Among the 15 ERCOT board members, Bulger oversees the finance and audit committee and Hepper chairs the human resources and governance committee. Craig S. Ivey, who was set to fill the open 16th seat on ERCOT’s board is withdrawing his candidacy, the PUC said.
“We look forward to working with the Texas Legislature, and we thank the outgoing Board Members for their service,” ERCOT said in a statement released Tuesday afternoon.
The Chronicle and other local outlets are definitely more well equipped to tell this story than most non Texans. They are offering additional background on the board members that have stepped down. “Talberg lives in Michigan and joined ERCOT’s board in January 2020 and was a former Michigan utility regulator. Before her seven years on the Michigan Public Service Commission, Talberg was a senior consultant at Public Sector Consultants and an advisor to the PUC. She has a master’s degree in public affairs from the University of Texas, according to ERCOT’s website.
Cramton, of Del Mar, Calif., joined ERCOT’s board in October 2015. He is an economics professor at the University of Maryland and the University of Cologne. He studied electricity market design and serves as an economist and advisor to startups in finance, insurance and communications.
Bulger, who lives in the Chicago suburb of Wheaton, according to ERCOT, has more than 35 years of experience in banking. Abbott promised a state investigation of ERCOT to “ensure that the disastrous events of last week are never repeated.”
Hepper, who lives in Lewiston, Maine, according to his LinkedIn profile, was the former general counsel for ISO New England, which operates the electric grid and wholesale markets across six states in the Northeast.

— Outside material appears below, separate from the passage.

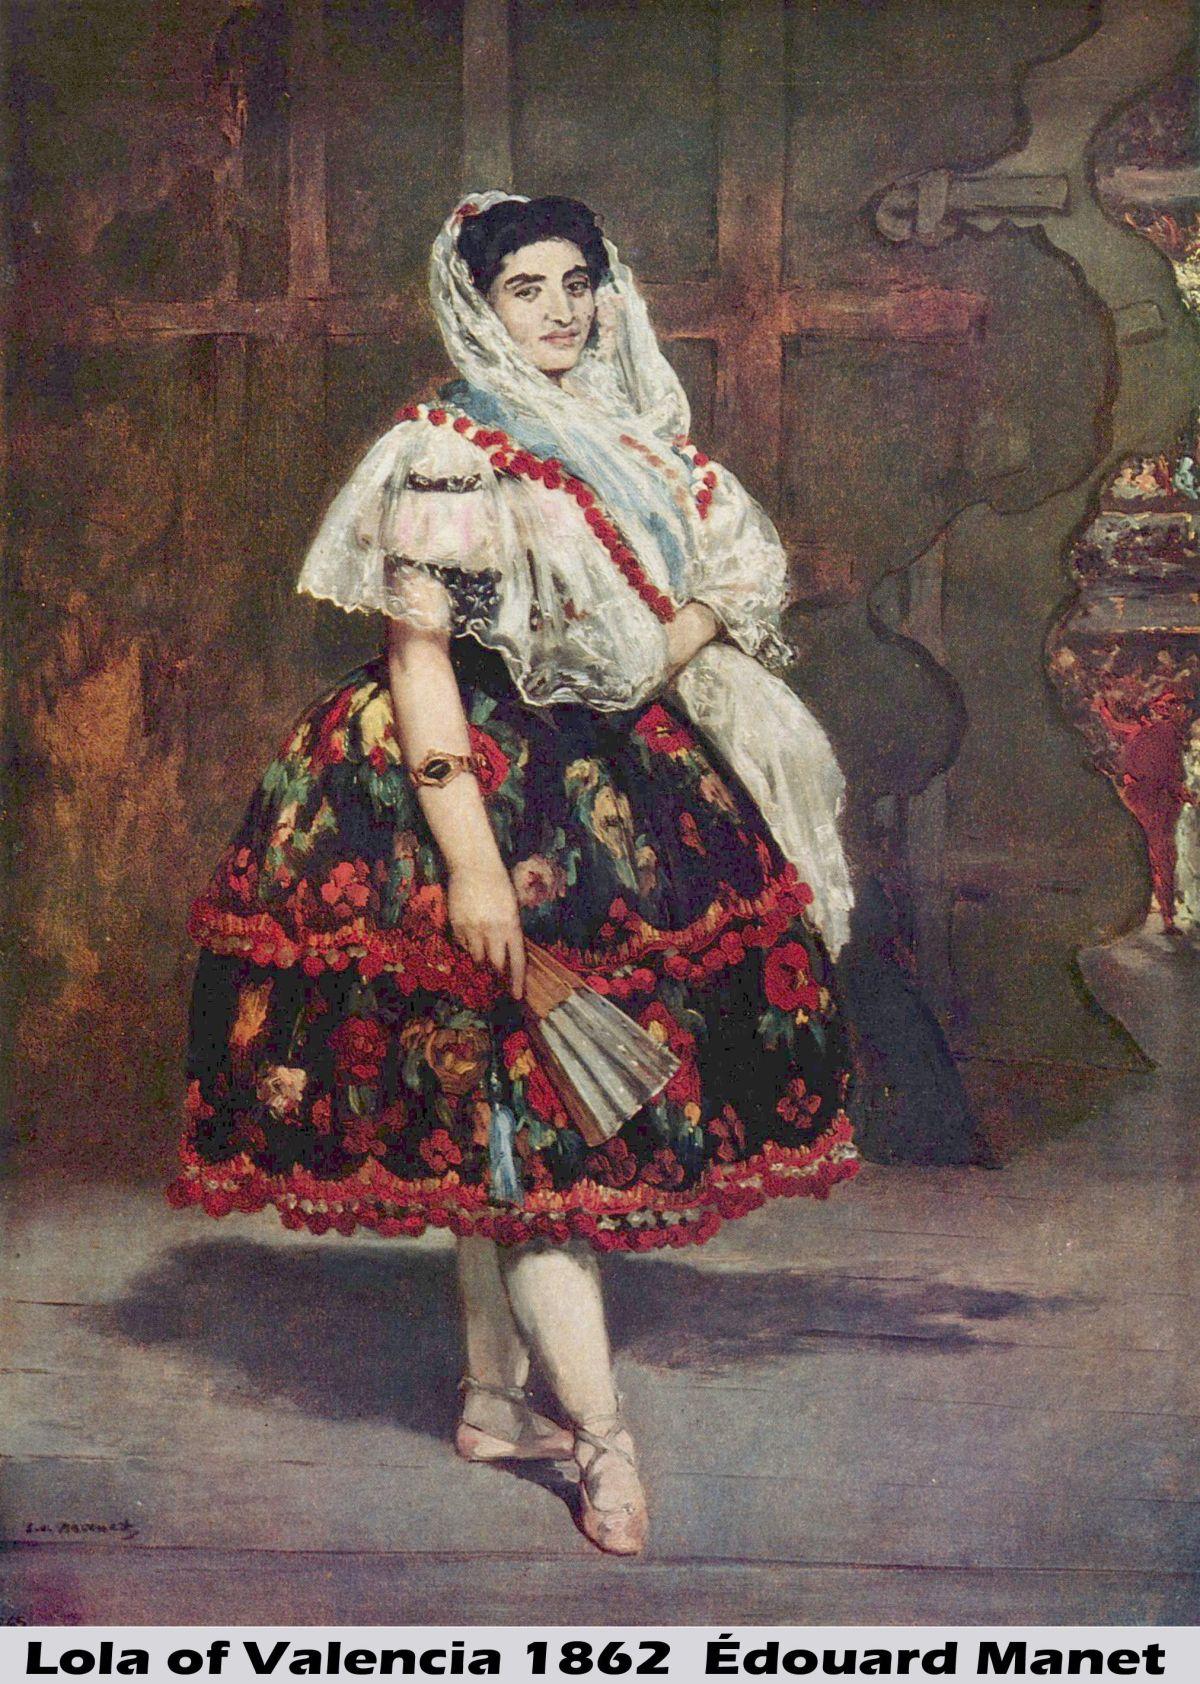 Lola-of-Valencia-1862

Anesetti-Parra, who lives in Ontario, Canada, is vice president of regulatory and compliance for Canada-based Just Energy. She has more than 19 years of experience in retail energy, according to her LinkedIn profile,” the newspaper shares.
Why are so few talking about the PUC? They are THE oversight committee for ERCOT. Any failure of ERCOT is a failure of the PUC. Any fix will likely need to start with the PUC rules, oversight etc. #txlege.

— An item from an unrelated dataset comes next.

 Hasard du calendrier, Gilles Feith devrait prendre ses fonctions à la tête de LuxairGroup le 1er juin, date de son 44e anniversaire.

— James Frank (@RepJamesFrank) February 21, 2021
This story is not going to be over anytime soon. Lawsuits will be filed and the Public Utilities Commission is going to be held responsible for what has taken place. Millions of Texans are still reeling from all of the damage that was caused during the storm. Now that the state legislature is currently in session, we wait to see what will be done (if anything at all) by Governor Abbott. No one should be holding their breath there.